Anyone who would like to have a genetic test carried out must first attend a genetic counseling in Germany. A consultation is carried out with a doctor who has been trained in human genetics or who has an additional qualification. It makes sense to think about your family tree beforehand at home.Questions about the diseases of other blood relatives are usually asked, so it is wise to find out more about the family beforehand.

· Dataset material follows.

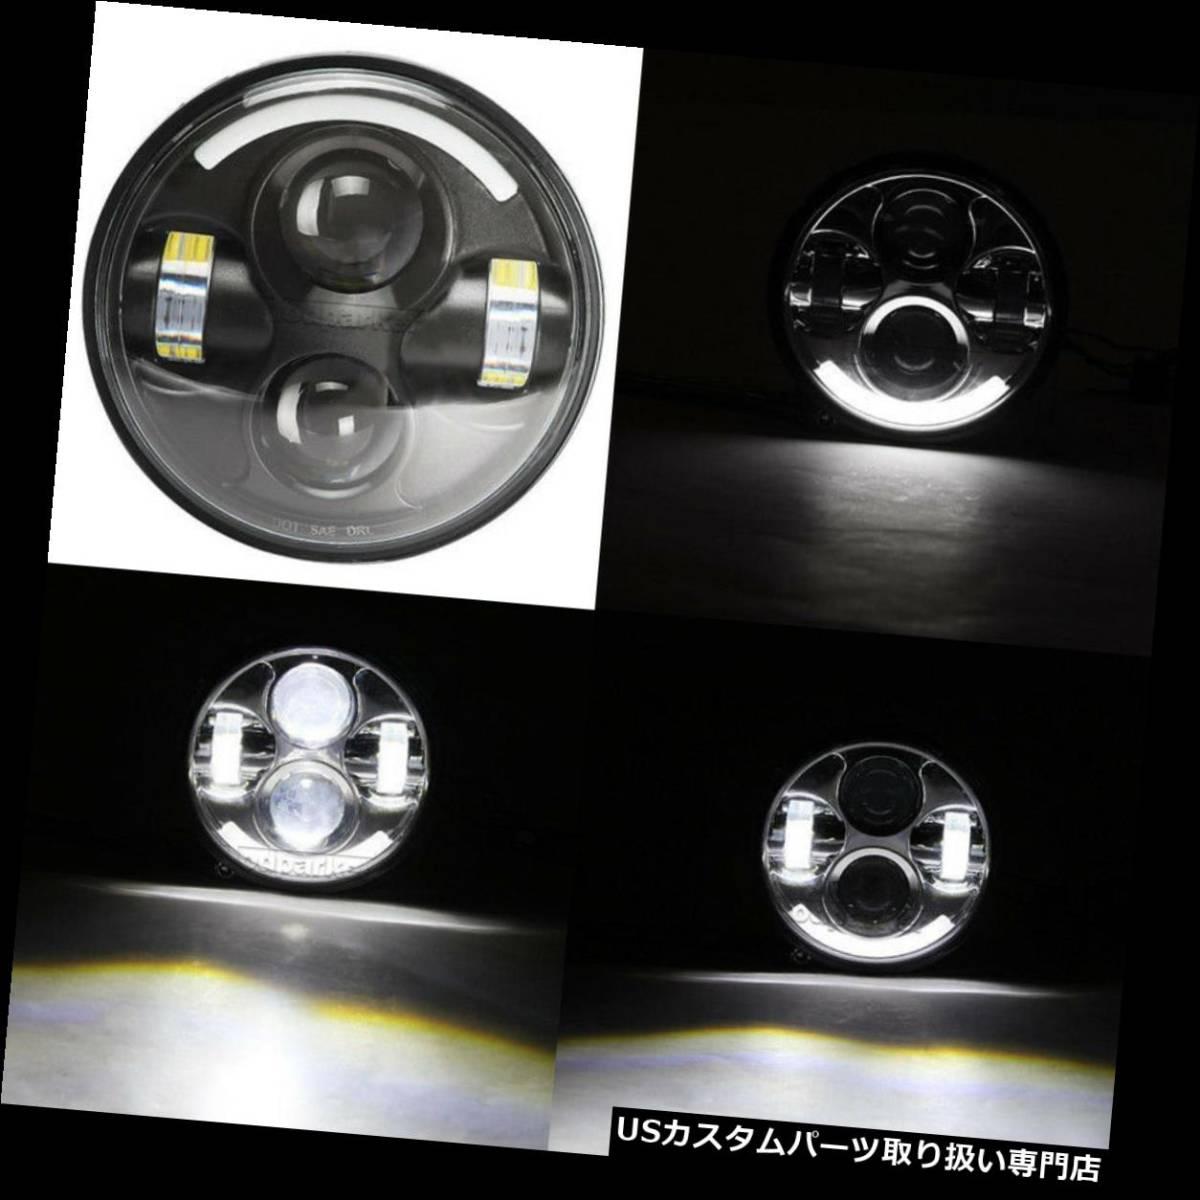 """USヘッドライト 5.75 """"LEDハイローTPプロジェクターヘッドライトハーレースポーツスターXL 1200 883 H4にフィ_画像1"""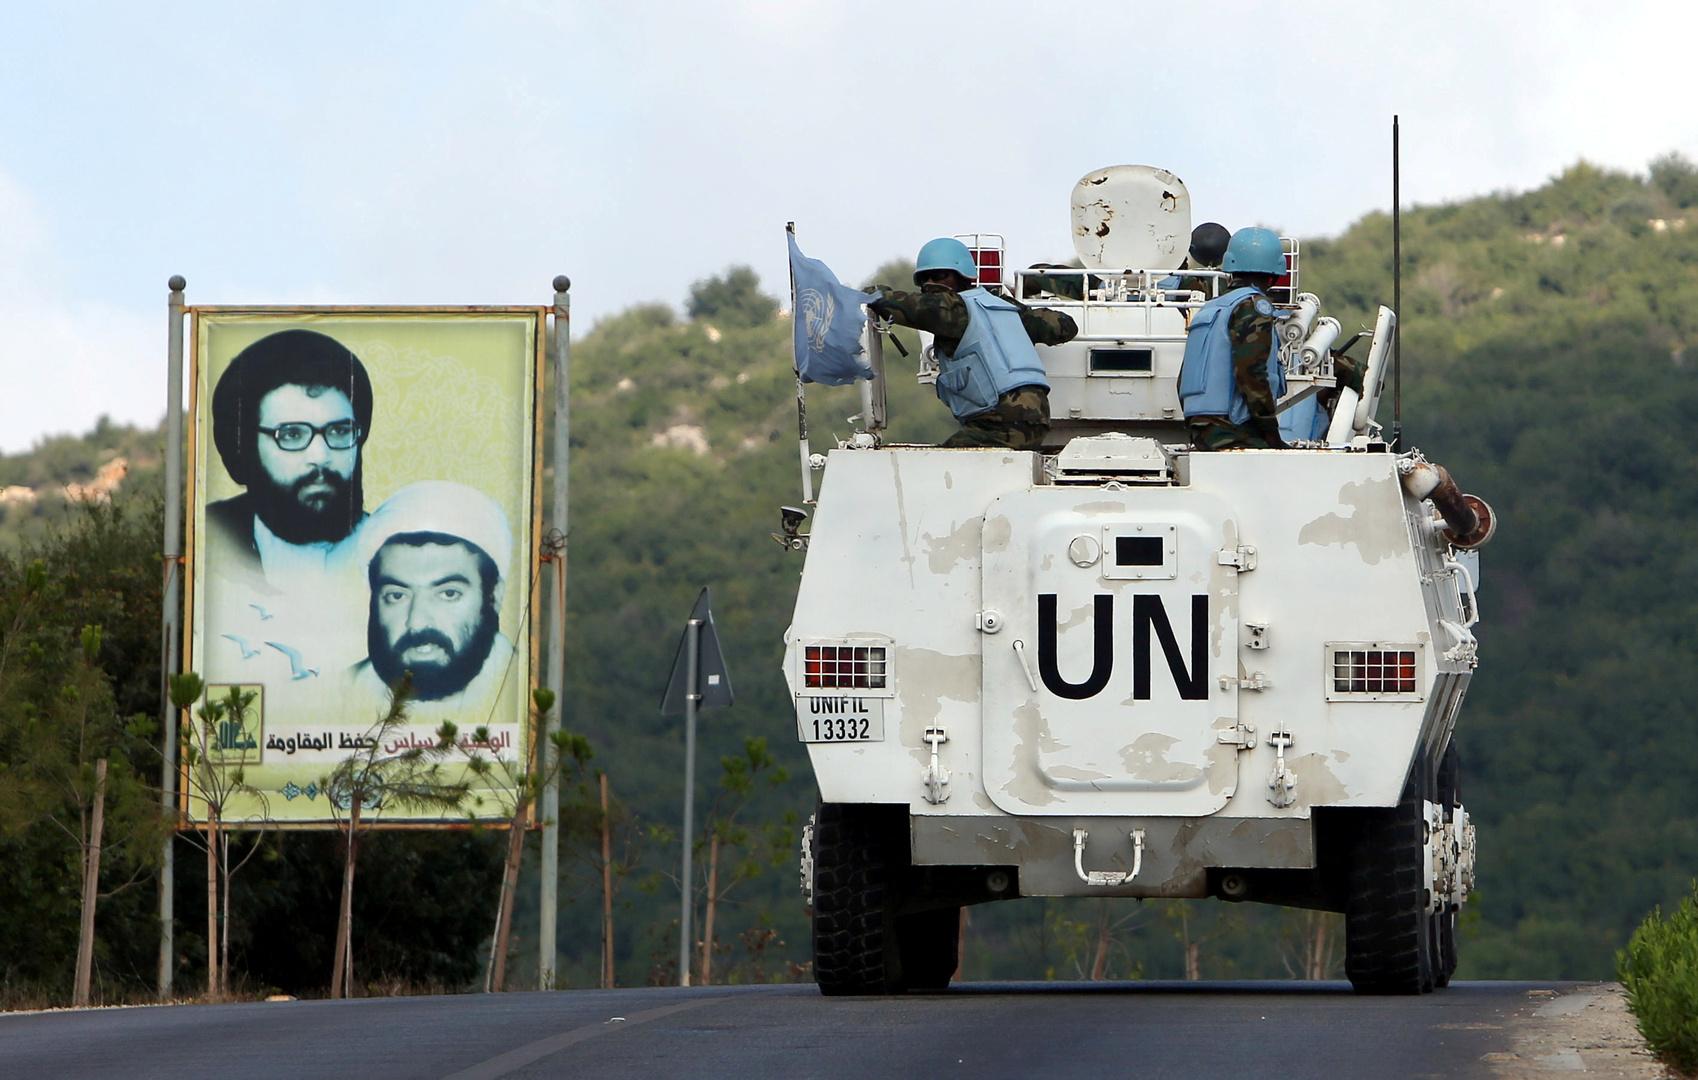 آلية لقوات اليونيفيل جنوب لبنان

As a rule, the genetic test is preceded by other diagnostic procedures to establish a suspected diagnosis. Before genetic testing, extensive information must be provided about the risks and consequences of genetic testing. In addition to medical risks, the possible outcomes and the resulting medical or psychological consequences must be discussed. No genetic test can be carried out without the consent of those affected.$config[ads_text4] not found
Genetic testing can then confirm the diagnosis. For this purpose, materials must be obtained that contain the genetic material. In most cases, a simple blood sample is enough to examine the cells it contains. For molecular genetic tests, however, nucleated cells are needed, which can be obtained, for example, by swabbing cells from the oral mucosa or from the bone marrow.
After the genetic counseling, which is binding in the Genetic Diagnostics Act, in which a full explanation of the process takes place, a declaration of consent is signed. Then the sample is taken in the form of saliva with a cotton swab in the mouth. Alternatively, you can use blood or other materials such as hair. However, only saliva and blood / umbilical cord blood are common. The samples are processed and examined in a laboratory.

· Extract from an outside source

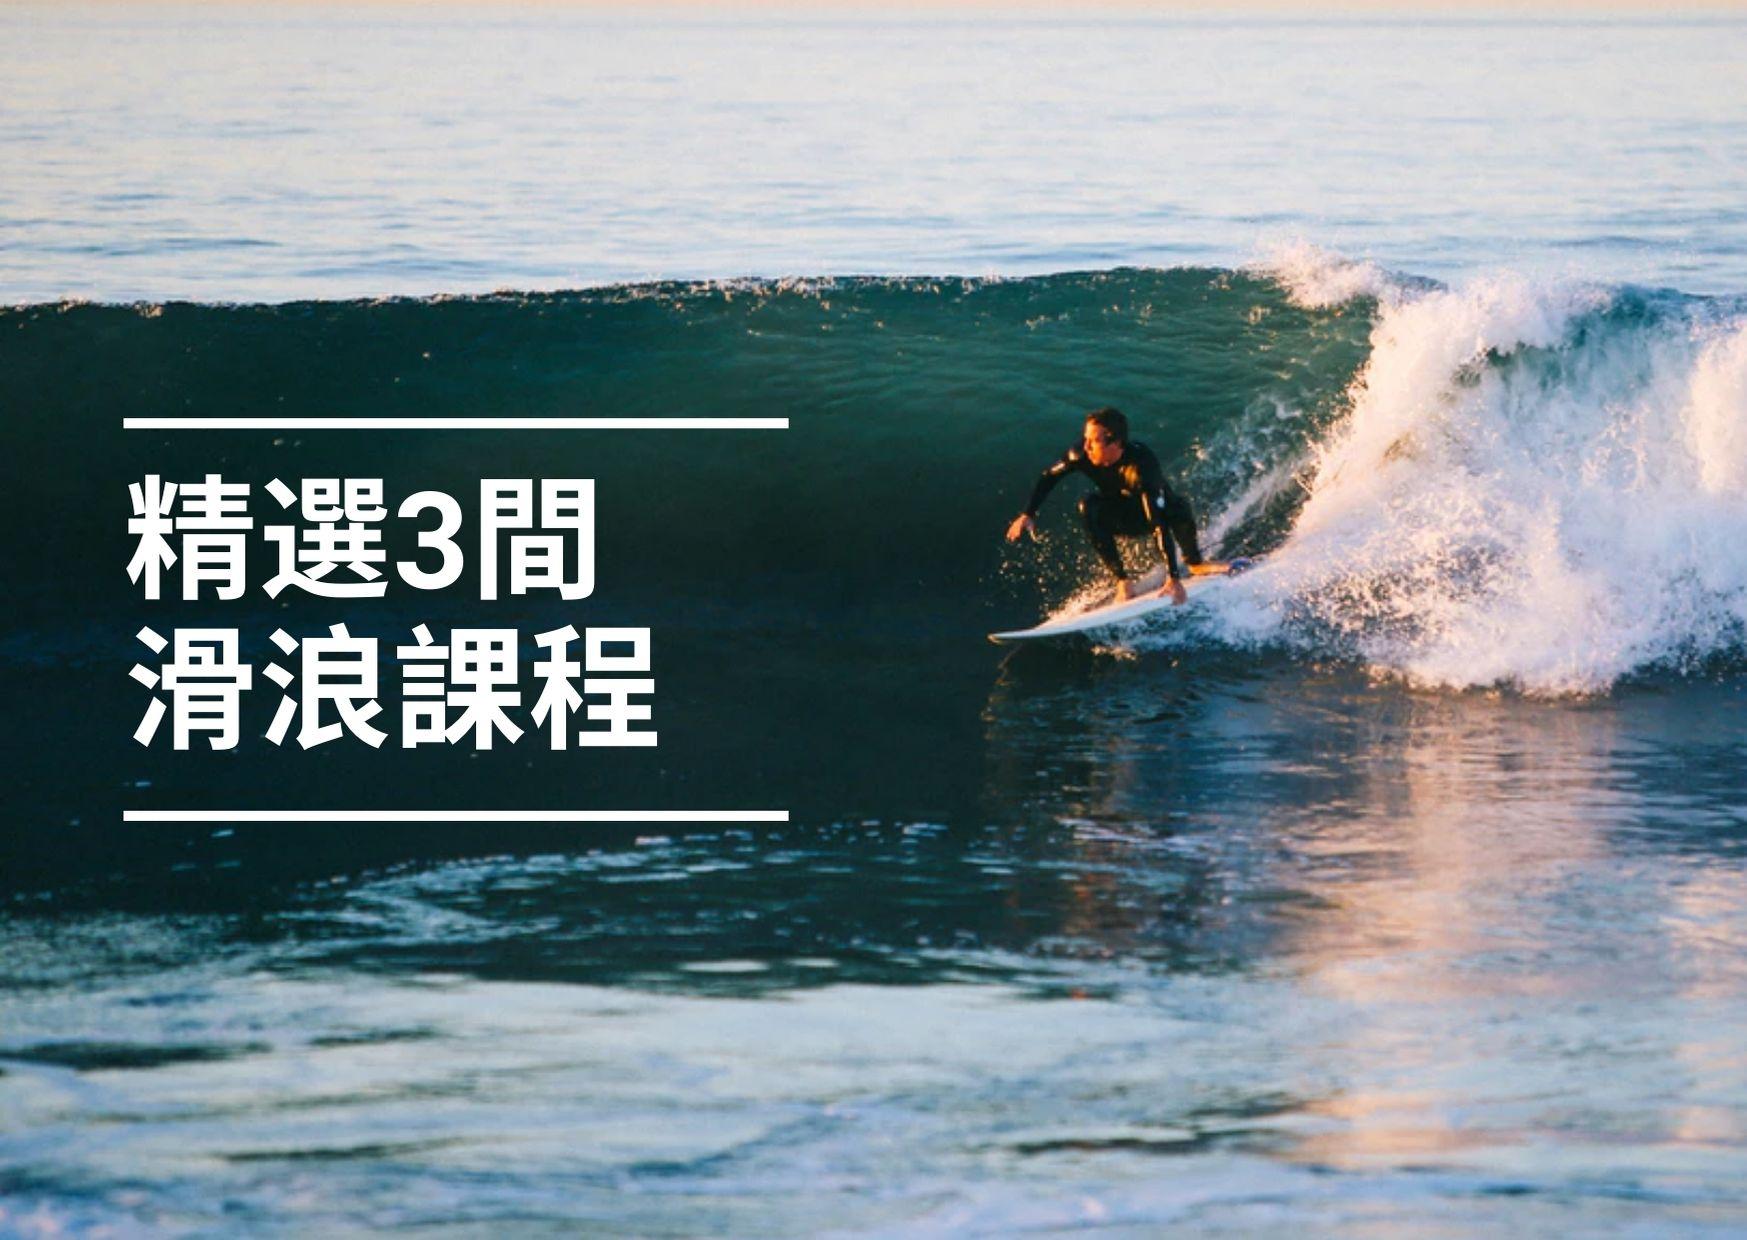 【水上活動】2021必試!3間香港最熱門滑浪班

Various tests can be carried out in the laboratory with the help of some biochemical processes in order to be able to show certain genetic errors or gene sequences. The best known test is the so-called "PCR", short for the "polymerase chain reaction". In order to carry out the test, it must be known in advance which gene sequence is being searched for in order to identify whether this gene segment is present or not. This gene sequence is then repeatedly reproduced and thus made visible.
The result of the analysis may only be opened by the attending physician and not by anyone else. At another appointment, the doctor explains the result of the analysis and a decision can be made as to whether further procedures are necessary.
The duration of the genetic test depends on the genetic material to be examined and the suspected disease.
Chromosome analyzes require less time than complex molecular genetic analyzes. With an average chromosome analysis, the working time amounts to approx. 10-20 working days.
Prenatal examinations are usually carried out more quickly. A chromosome analysis using sample tissue from the placenta can be carried out within a few days. Cells from the fruit cavity, on the other hand, must first artificially grow and mature, which can take between 2 and 3 weeks.
Molecular genetic examinations take different lengths of time, depending on the number of genes to be examined and the size of the gene sequences. These analyzes can take weeks to months.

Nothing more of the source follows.